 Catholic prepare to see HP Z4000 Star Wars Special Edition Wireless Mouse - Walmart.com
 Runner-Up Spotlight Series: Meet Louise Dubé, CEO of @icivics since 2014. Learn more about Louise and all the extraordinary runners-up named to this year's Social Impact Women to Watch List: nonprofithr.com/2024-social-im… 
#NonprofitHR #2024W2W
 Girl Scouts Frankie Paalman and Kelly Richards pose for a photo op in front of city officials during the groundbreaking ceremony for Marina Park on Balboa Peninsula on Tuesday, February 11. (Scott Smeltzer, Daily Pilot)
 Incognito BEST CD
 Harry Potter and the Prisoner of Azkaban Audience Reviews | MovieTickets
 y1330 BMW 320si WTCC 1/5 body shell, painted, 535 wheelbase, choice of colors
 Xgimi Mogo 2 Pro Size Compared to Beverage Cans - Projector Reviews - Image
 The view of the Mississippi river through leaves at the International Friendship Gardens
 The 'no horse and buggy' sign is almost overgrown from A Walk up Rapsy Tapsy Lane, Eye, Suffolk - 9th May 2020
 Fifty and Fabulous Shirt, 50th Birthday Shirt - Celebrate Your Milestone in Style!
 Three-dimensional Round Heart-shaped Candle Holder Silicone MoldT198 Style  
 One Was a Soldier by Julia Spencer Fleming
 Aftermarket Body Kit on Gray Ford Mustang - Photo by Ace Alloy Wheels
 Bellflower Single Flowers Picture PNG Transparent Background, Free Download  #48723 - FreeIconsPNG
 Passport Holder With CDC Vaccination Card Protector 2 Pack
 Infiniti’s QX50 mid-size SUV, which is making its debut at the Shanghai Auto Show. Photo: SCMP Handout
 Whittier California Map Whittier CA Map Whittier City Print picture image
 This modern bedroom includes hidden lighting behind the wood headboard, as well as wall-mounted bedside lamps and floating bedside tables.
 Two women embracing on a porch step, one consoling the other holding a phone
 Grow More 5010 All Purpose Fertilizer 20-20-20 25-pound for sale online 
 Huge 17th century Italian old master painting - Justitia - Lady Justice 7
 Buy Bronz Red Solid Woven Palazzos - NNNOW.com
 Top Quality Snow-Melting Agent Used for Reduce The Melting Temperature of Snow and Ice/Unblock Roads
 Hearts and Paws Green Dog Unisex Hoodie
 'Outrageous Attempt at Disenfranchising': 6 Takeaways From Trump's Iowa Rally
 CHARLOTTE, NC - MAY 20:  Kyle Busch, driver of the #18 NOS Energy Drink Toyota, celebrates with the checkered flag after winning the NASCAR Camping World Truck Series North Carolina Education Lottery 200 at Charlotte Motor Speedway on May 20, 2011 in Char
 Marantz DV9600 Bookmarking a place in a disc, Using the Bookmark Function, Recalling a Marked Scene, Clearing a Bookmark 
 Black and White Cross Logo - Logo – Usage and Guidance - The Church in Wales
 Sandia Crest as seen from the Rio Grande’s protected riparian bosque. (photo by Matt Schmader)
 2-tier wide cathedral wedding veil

* Aim of the task: Scan the listing above and copy all lines containing the word "Series".

* Response area:
 Runner-Up Spotlight Series: Meet Louise Dubé, CEO of @icivics since 2014. Learn more about Louise and all the extraordinary runners-up named to this year's Social Impact Women to Watch List: nonprofithr.com/2024-social-im… 
 CHARLOTTE, NC - MAY 20:  Kyle Busch, driver of the #18 NOS Energy Drink Toyota, celebrates with the checkered flag after winning the NASCAR Camping World Truck Series North Carolina Education Lottery 200 at Charlotte Motor Speedway on May 20, 2011 in Char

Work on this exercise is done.